Day 0: London to Dieppe (5th September 2008)
Not the Friday evening send off we had hoped for – torrential rain is forecast and we are absolutely soaked before we left London. I spent the train ride down to Newhaven stuffing newspaper stuffing in my only pair of trainers for the trip. With a decently strong storm hitting England and Northern France we considered buying better wet weather gear, or possibly even catching the first train out of Dieppe in the morning to warmer climes, but we were already on our way. Changing at Lewes we were directed to the bike carriage of the train through to Newhaven. We rushed our bikes on board to find four other cyclist crushed in the entrance way with us. “Heading for the ferry?” they asked us – and what else would you be doing with two panniers on the back of your bike on a late and stormy Friday night. “Couldn't resist the weather forecast?”

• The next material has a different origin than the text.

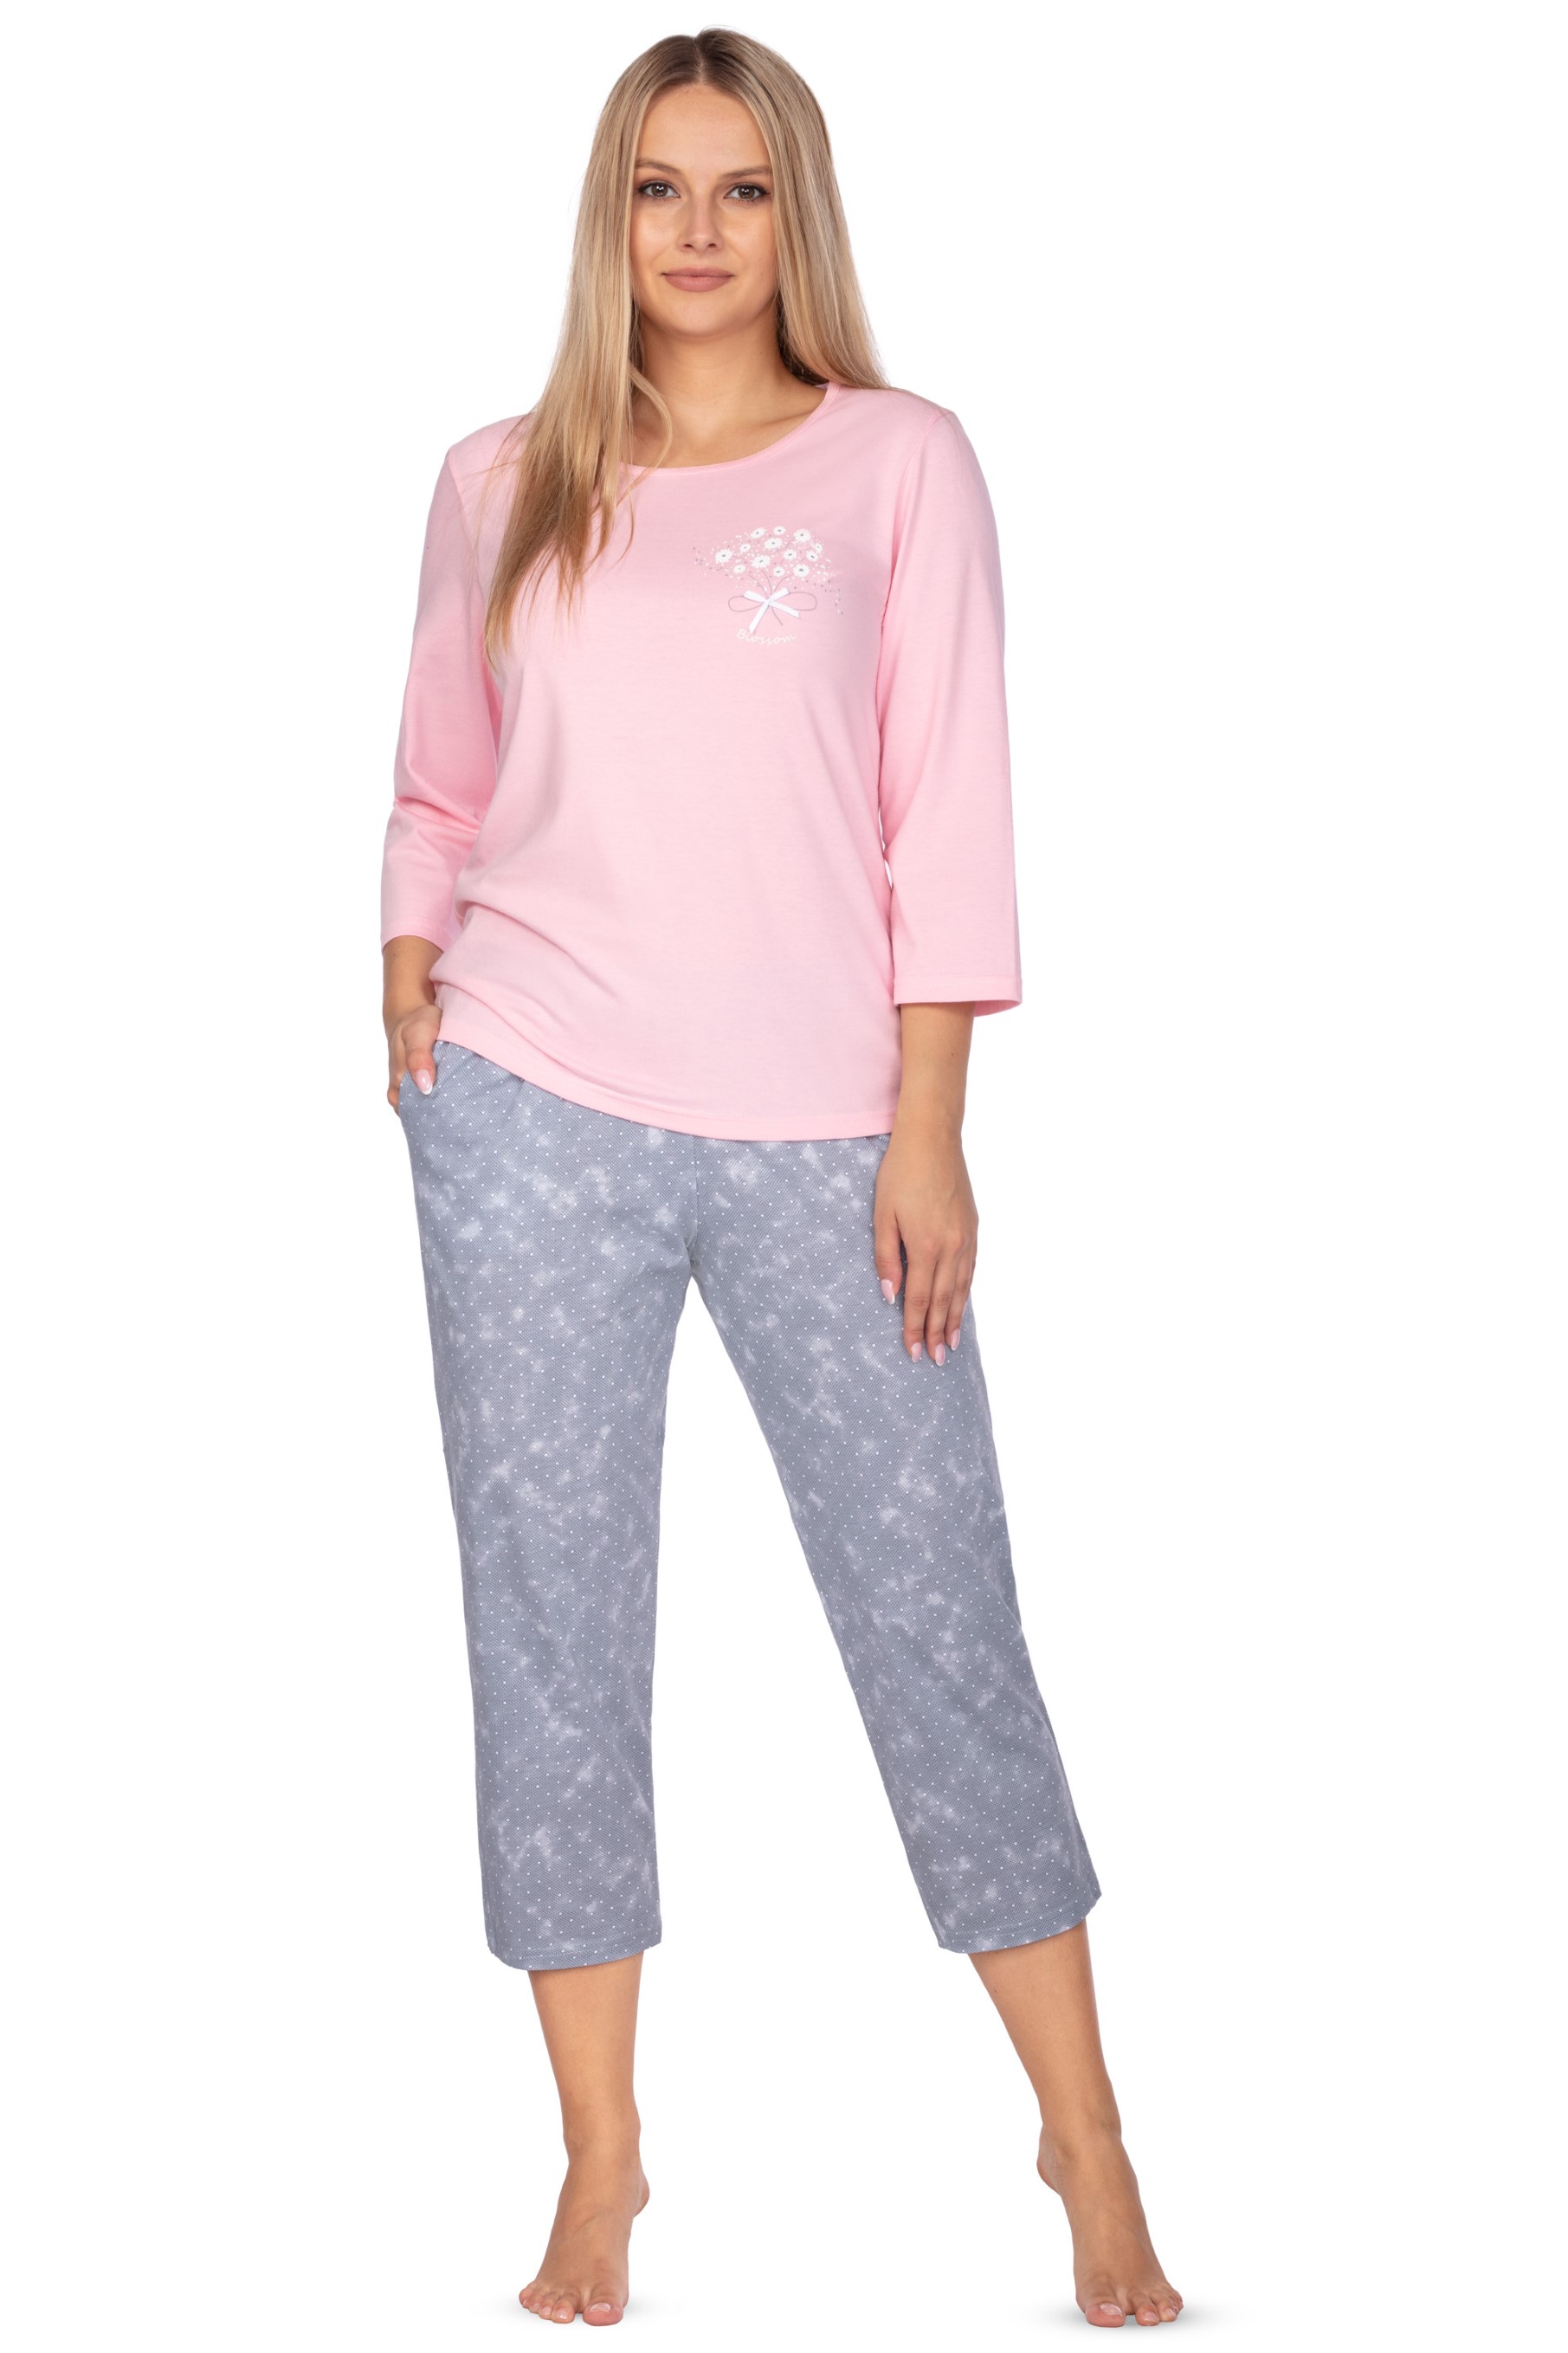 Regina 646 růžové 3/4 dámské pyžamo Barva: růžová, Velikost: 2XL

Despite waiting in the bracing wind for half an hour riding bikes onto a cross channel ferry is pretty good fun – you are climbing into the cavernous mouth of a metal whale of sorts. We'd opted out of the comfort / expense of a private cabin for the five hour journey so were pretty stoked to find an almost empty and quiet cabin where we could recline in chairs get a few precious hours sleep and dry the rest of our stuff.
Day 1: Dieppe to Fecamp (6th September)
kms 83
Ave 13.8
Max 40.5
Hours on bike: 6
Its still pitch black when we jump off the ferry and not much before 5 am. We grab an early coffee at the first open Tabac in town, guessing its the only place open when we spot the weekend cyclists pulling chairs up at the other side of the cafe. There's something alluring (or irrational) about having all the hours of daylight stretched out in front of you so we decide that Plan A of heading down the coast (as we have maps, and campsites plotted out) will be achievable despite storm forecasts and lack of sleep. What Plan B, anyway?
The first couple of hours of riding are glorious. We climbed out of the port town (and apparently there's no way out of Dieppe that doesn't involve climbing) and found ourselves on a high farming plain, with the cliff edge to the sea in the far distance. Dawn rose slowly through an overtired veil of surrealism – it feels like I'm viewing the world through 3D glasses, with a giant hay bales rolling into the distance and the edge of the world within eyesight. Just as I was yelling something to this effect to Justin a flock of pheasants were disturbed on the side of the road and all flew off, except one poor confused bird which kept running just ahead of his tires for a few more metres before finally taking flight.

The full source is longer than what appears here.